▸ **Requirement**
Please write out exactly the lines from the one with "File:Ugolino di nerio, madonna" through the end of the data below, both ends included, and omit any pictures.
═════ Supplied data
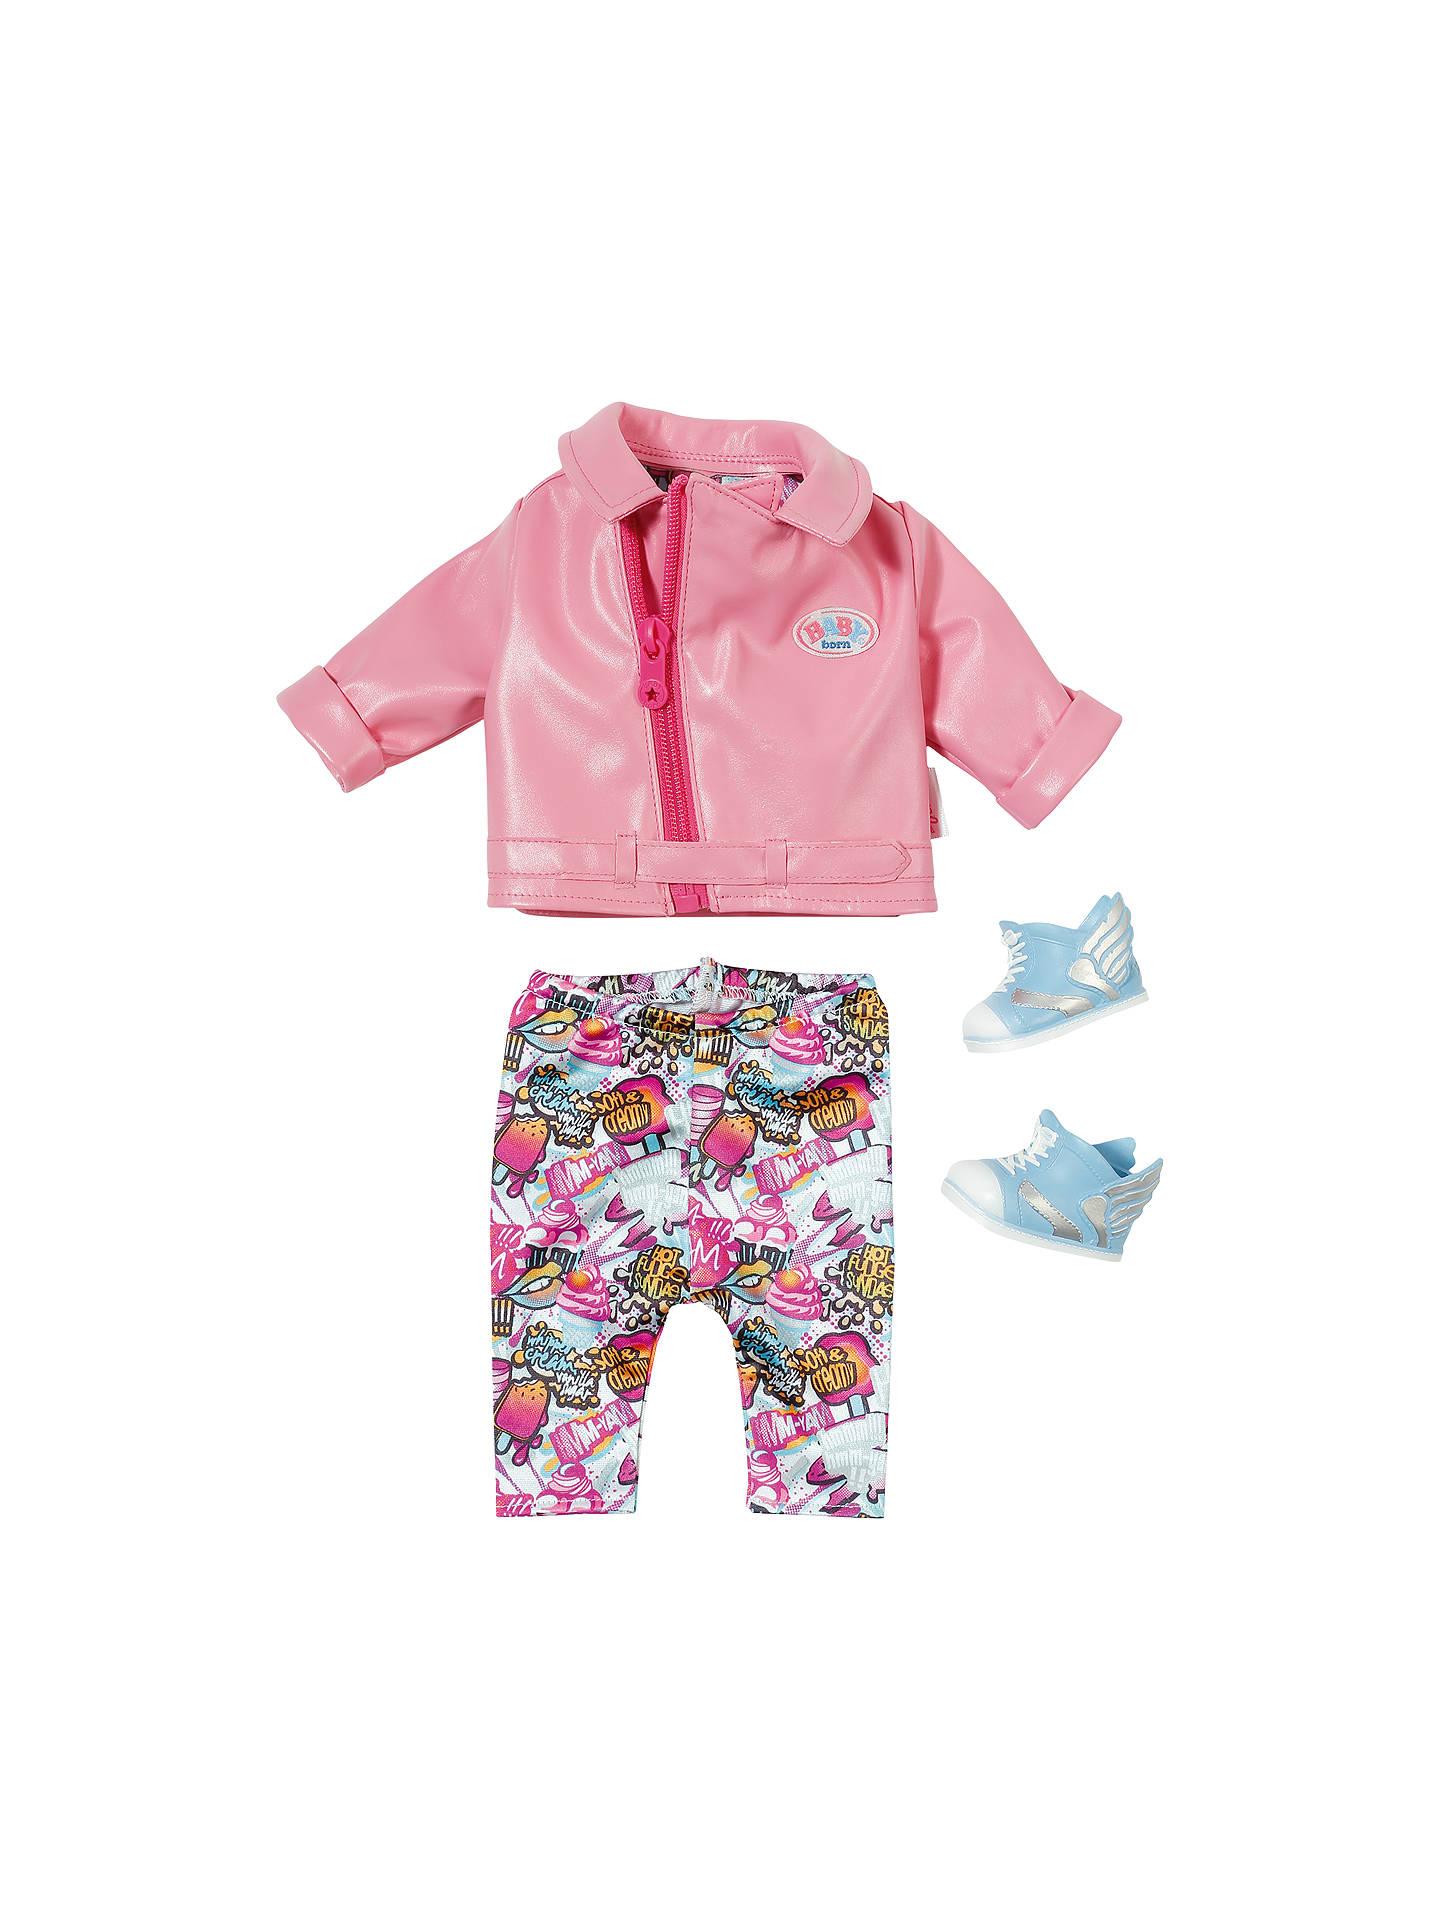 Puppen & Zubehör Zapf BABY born® Deluxe Starter Set Kleidung & Accessoires
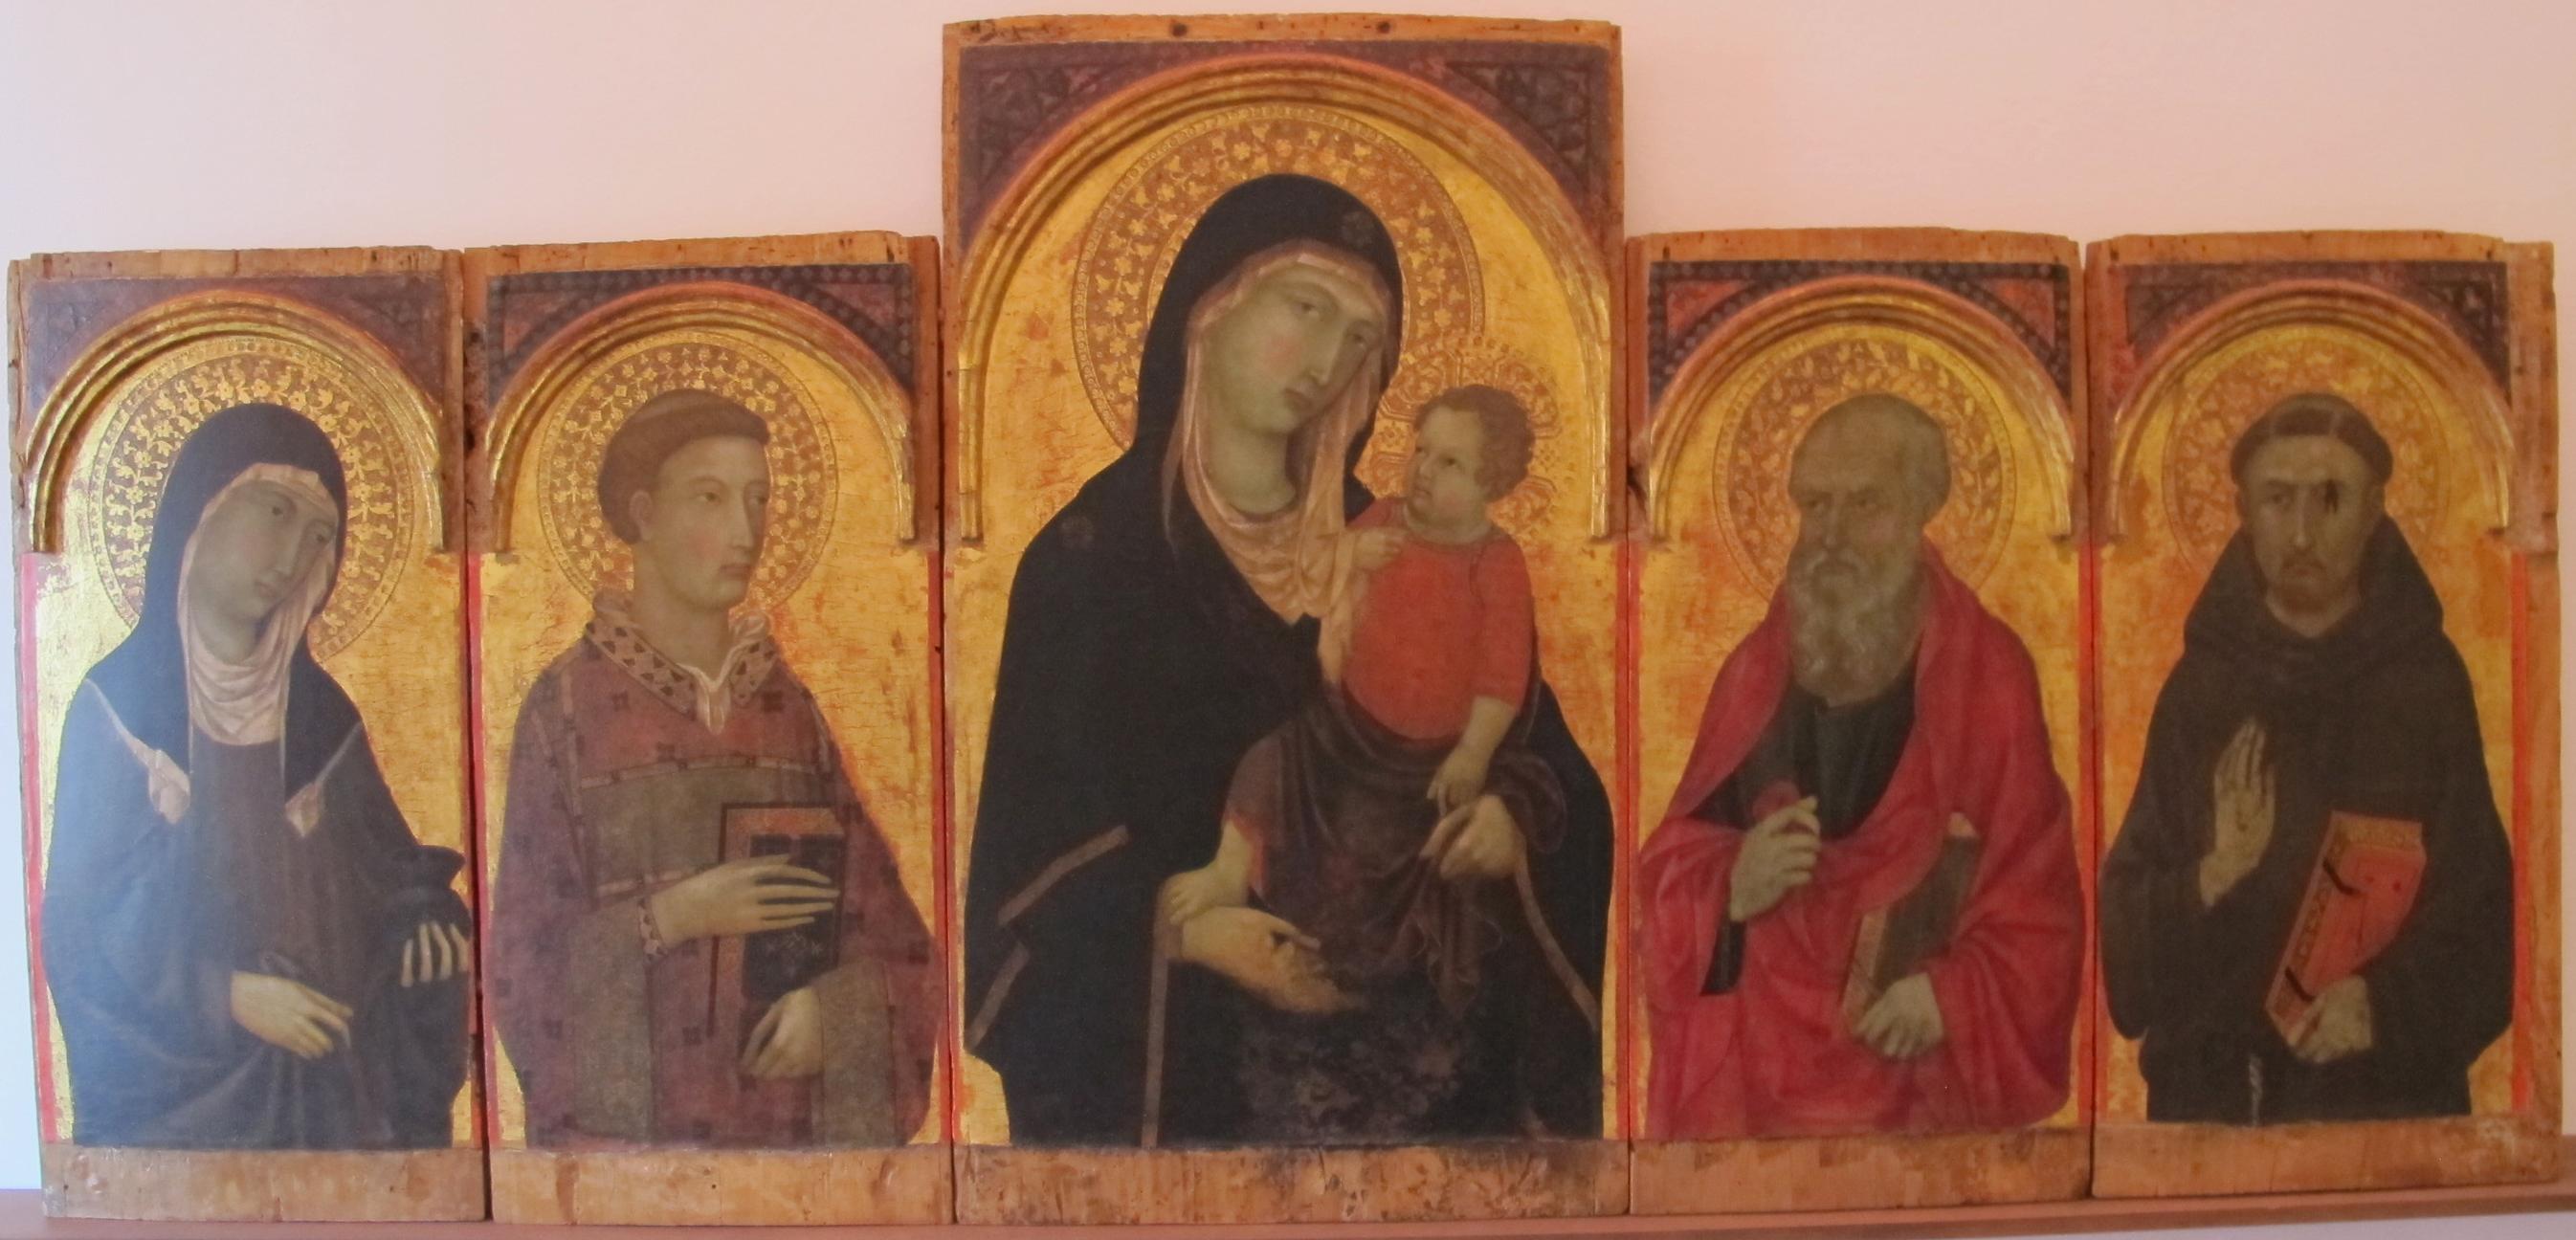 File:Ugolino di nerio, madonna col bambino e santi, 1319.JPG
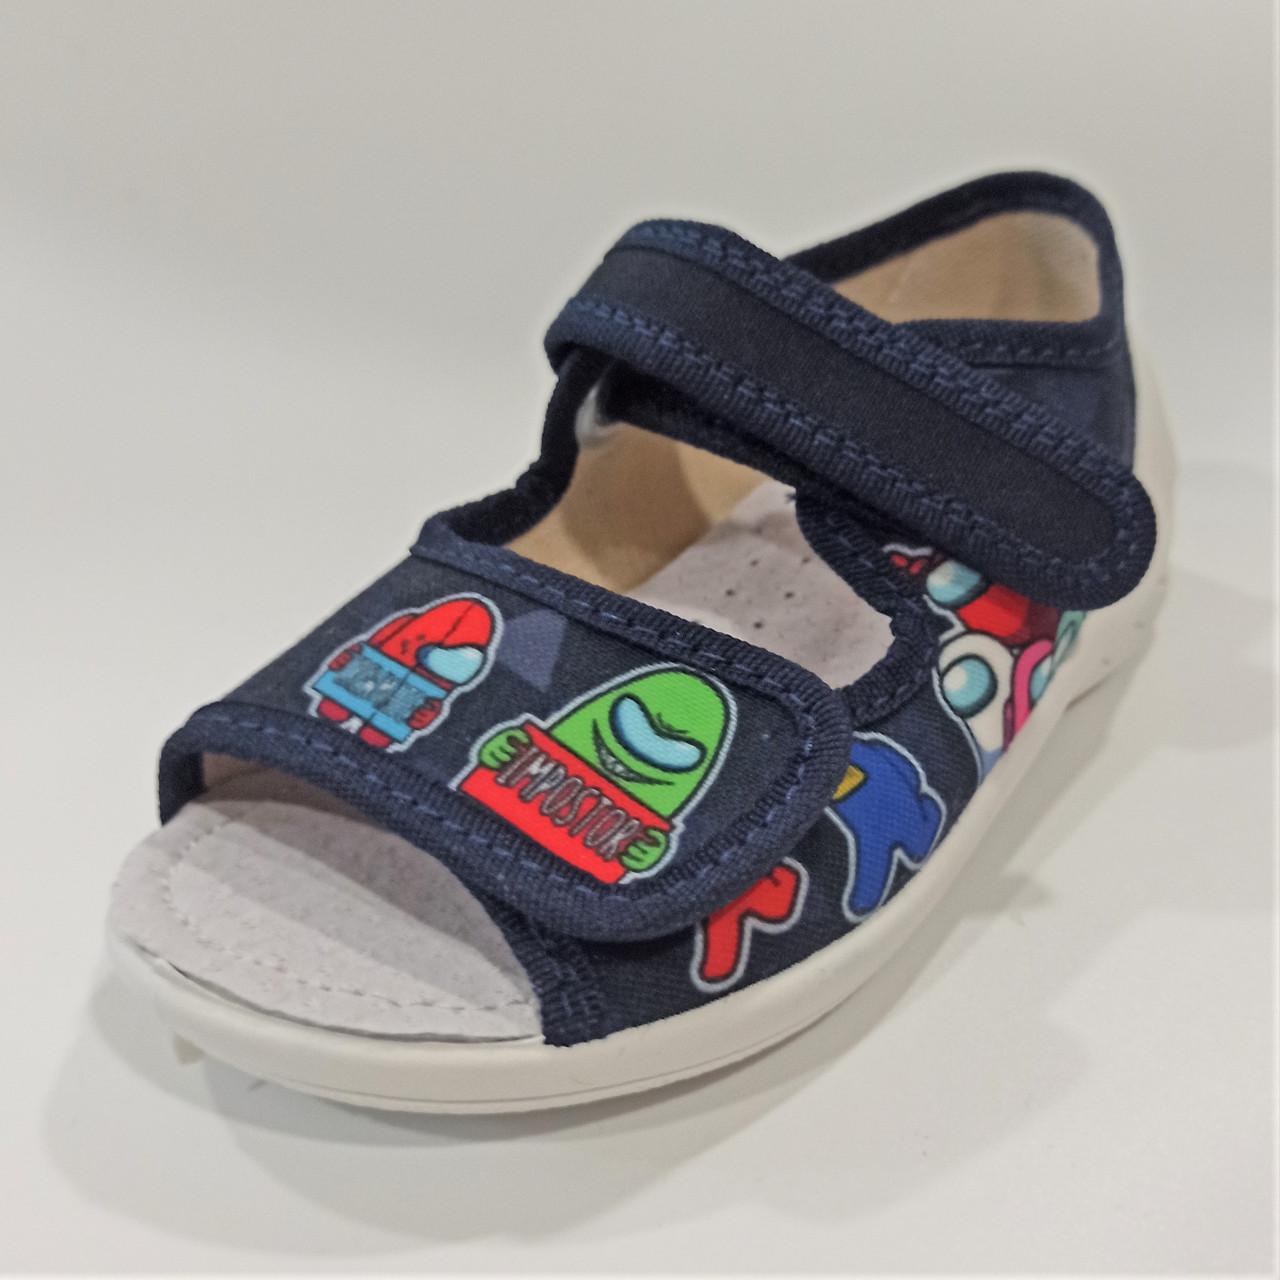 Детские тапочки с открытым носком, Waldi размеры: 23-30
══════════
▸ **Output**
 File:Ugolino di nerio, madonna col bambino e santi, 1319.JPG
 Детские тапочки с открытым носком, Waldi размеры: 23-30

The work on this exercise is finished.